Mereka yang mengidap penyakit jantung, ginjal, diabetes, dan gangguan pernapasan dilarang beribadah haji oleh Arab Saudi. Riyadh juga menyerukan negara-negara pengirim jemaah haji agar mengurangi jumlah jemaah haji yang dikirim ke Mekkah untuk mencegah penularan virus MERS-CoV yang merajalela di Arab Saudi kala itu.
Lebih dahsyat
Saat itu, korban positif virus MERS-CoV di Arab Saudi berjumlah 65 orang dengan 38 orang di antaranya meninggal. Akan tetapi, penyebaran virus SARS-CoV-2 penyebab Covid-19 saat ini jauh lebih dahsyat daripada virus H1N1 dan virus MERS-CoV. Covid-19 sudah serta-merta menjadi pandemi yang merambah seluruh dunia, tanpa kecuali.
Menurut Worldometers, hingga Jumat (12/6/2020), jumlah positif Covid-19 di Arab Saudi mencapai 119.942 orang, dengan 893 orang meninggal dan 81.029 orang dinyatakan sembuh.
Jumlah positif Covid-19 di Arab Saudi merupakan yang terbesar ketiga di Timur Tengah setelah Iran dan Turki. Penambahan jumlah positif Covid-19 per hari di Arab Saudi cukup tinggi. Pada Jumat (12/6/2020), jumlah korban baru positif Covid-19 mencapai 3.921 orang.
Baca juga: Masjidil Haram Buka Akhir Juni
Padahal, Arab Saudi sejak akhir Februari lalu telah melakukan karantina sangat ketat untuk mencegah penyebaran Covid-19. Arab Saudi telah membekukan penyelenggaraan ibadah umrah sejak 27 Februari lalu. Namun, kenyataannya pada Juni ini justru kurva positif Covid-19 di Arab Saudi cenderung naik tajam.

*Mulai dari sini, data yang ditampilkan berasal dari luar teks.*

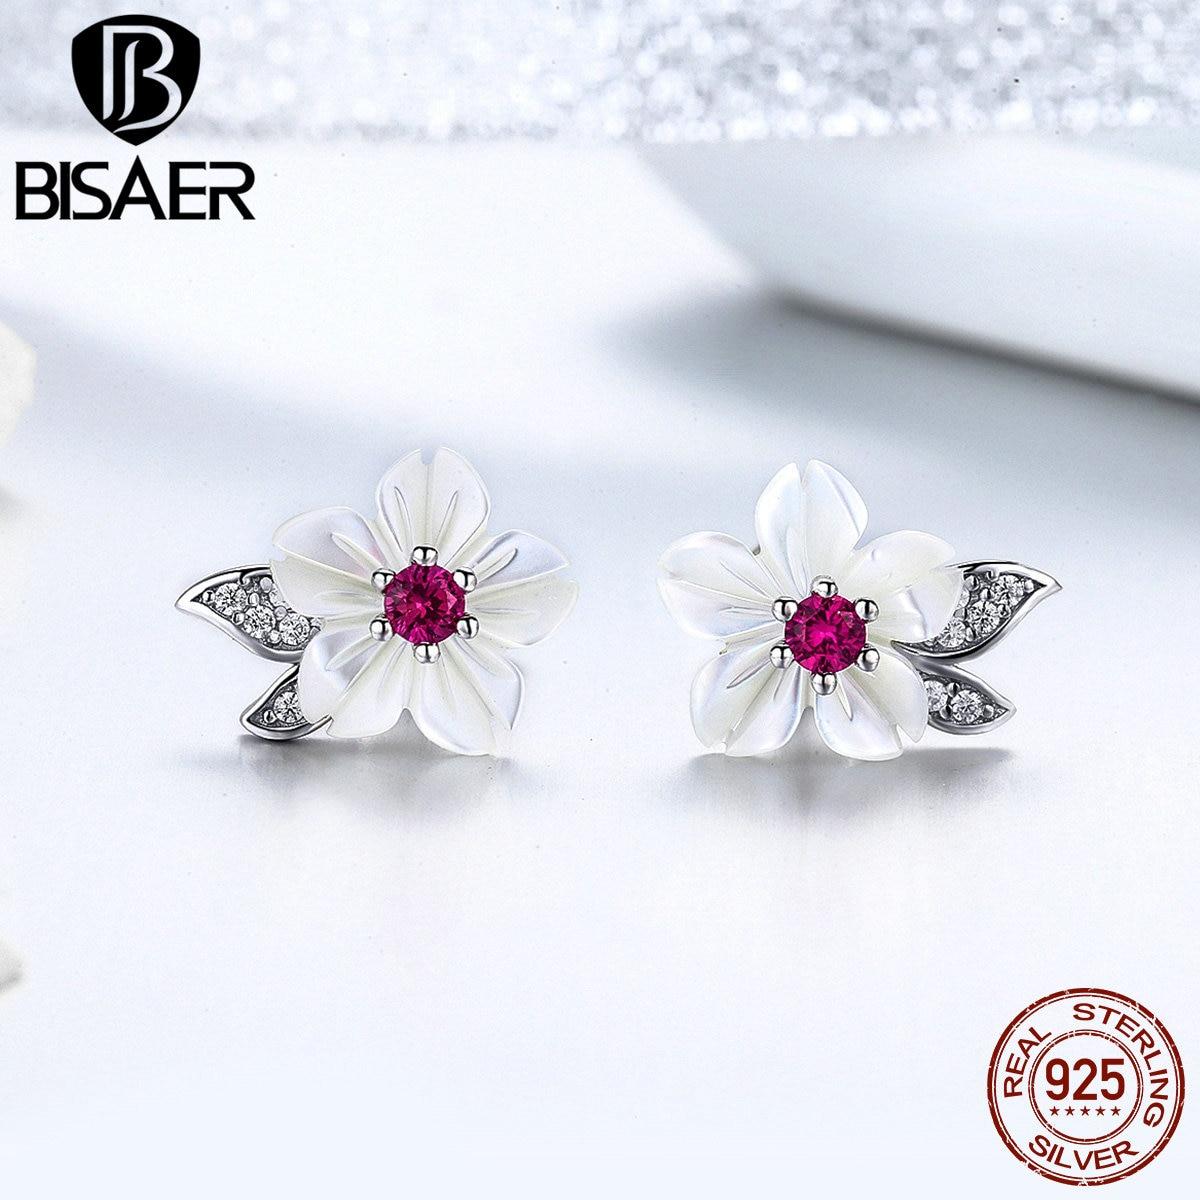 BISAER 925 Sterling Silver Blooming Shell Flower Stud Earrings Orchid Flower Small Women Earrings Sterling Silver Jewelry EFE055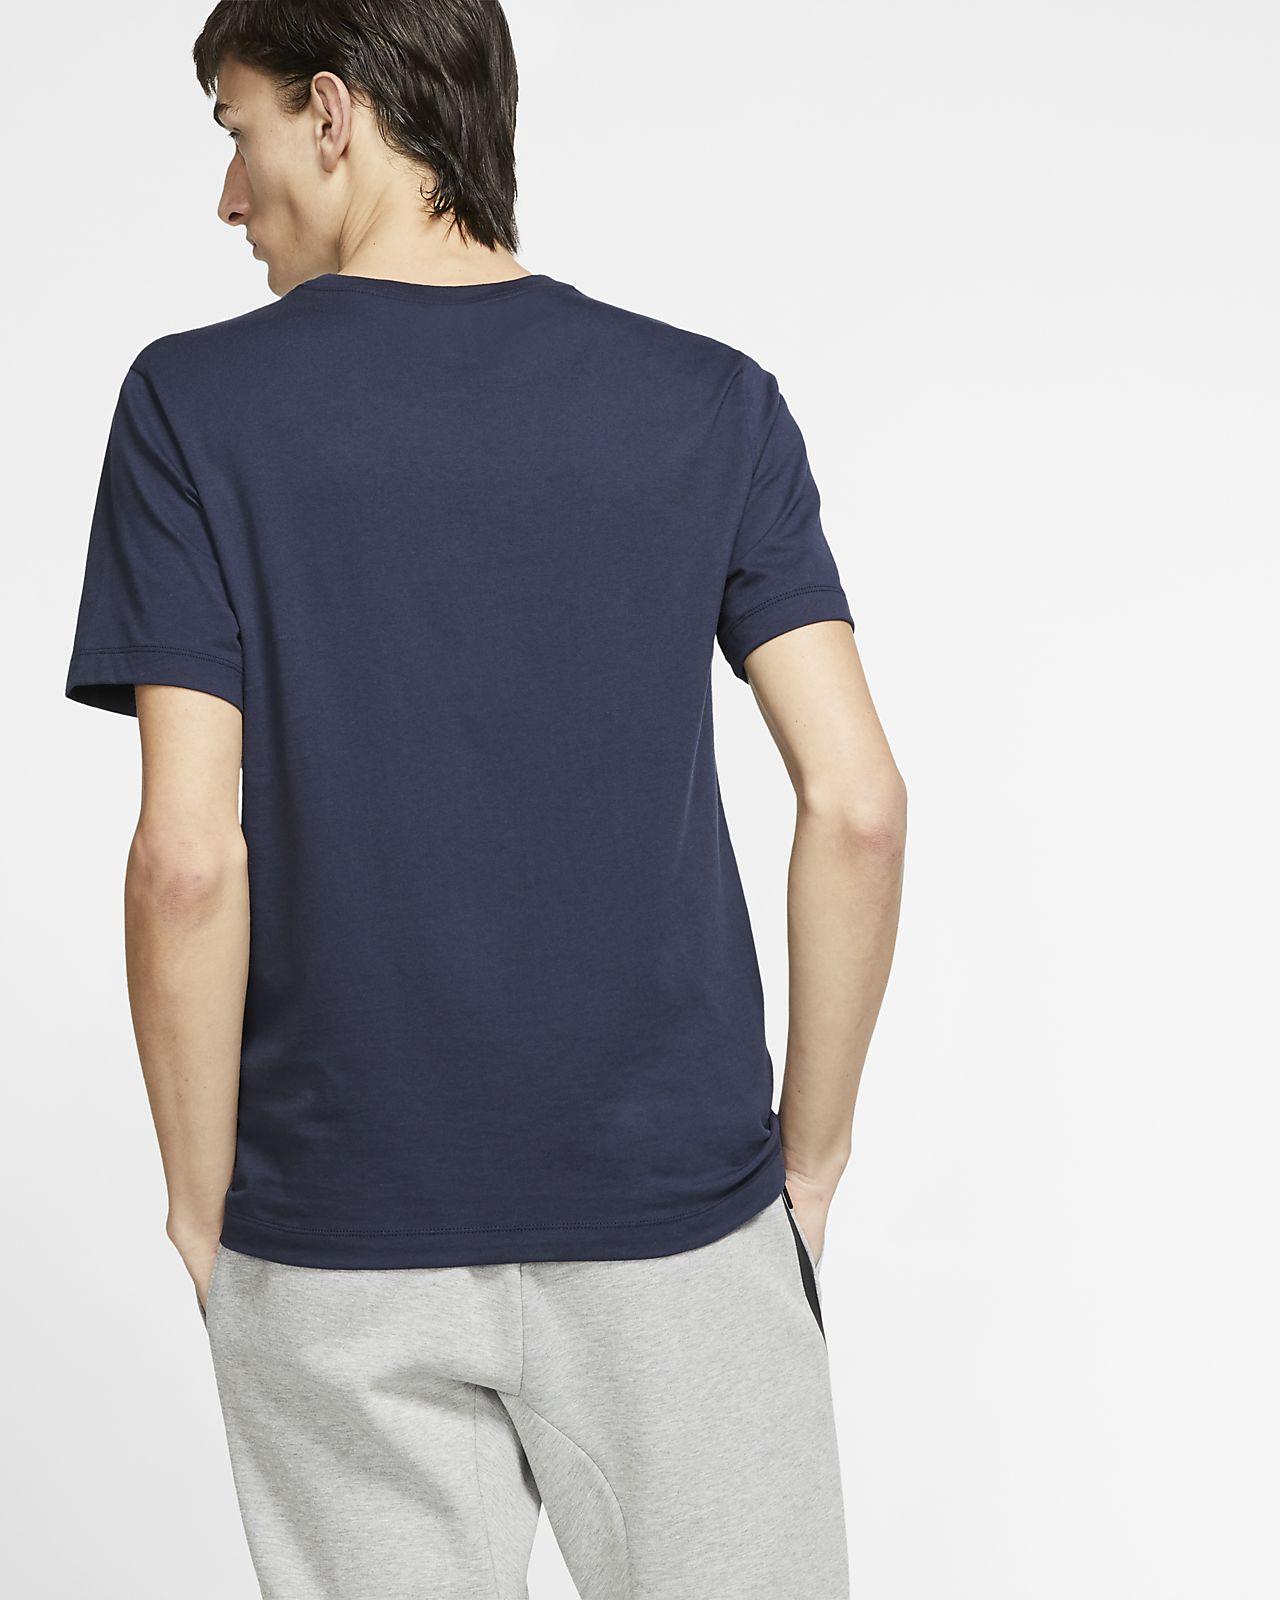 7b1a3a6e31213e Nike Sportswear Men s T-Shirt. Nike.com ID

Tren naiknya kurva korban positif penyakit Covid-19 yang cukup tajam itu barangkali telah menjadi faktor utama Raja Salman selama ini untuk terus menunda pengambilan keputusan soal haji itu.
Jika tren kurva positif Covid-19 di Arab Saudi terus naik tajam hingga pekan depan atau 10 hari ke depan, kemungkinan besar keputusan yang akan diambil Raja Salman adalah meniadakan ibadah haji 2020.
Sebaliknya, jika Arab Saudi secara mengejutkan dalam sepekan atau 10 hari mendatang berhasil menekan tren kenaikan kurva positif Covid-19 hingga serendah mungkin atau minimal bisa landai, bisa jadi Raja Salman berani mengambil keputusan untuk menggelar ibadah haji tahun ini. Namun, bisa jadi dengan kuota yang dikurangi 10 persen hingga 20 persen dari setiap negara atau seminimal mungkin.
Hal itu pun dengan pelaksanaan protokol kesehatan yang sangat ketat. Tentu Arab Saudi akan berkonsultasi dengan WHO terkait dengan protokol kesehatan jika menggelar ibadah haji tahun ini.
Jika Arab Saudi jatuh pada keputusan menggelar ibadah haji dengan kuota seminimal mungkin, itu sekaligus membuat ibadah haji tetap terselenggara secara berkesinambungan sejak berdirinya negara Arab Saudi modern tahun 1932.
Mungkin saja pendapat WHO akan menjadi pertimbangan utama Raja Salman dalam mengambil keputusan menyelenggarakan atau tidak menyelenggarakan ibadah haji pada 2020.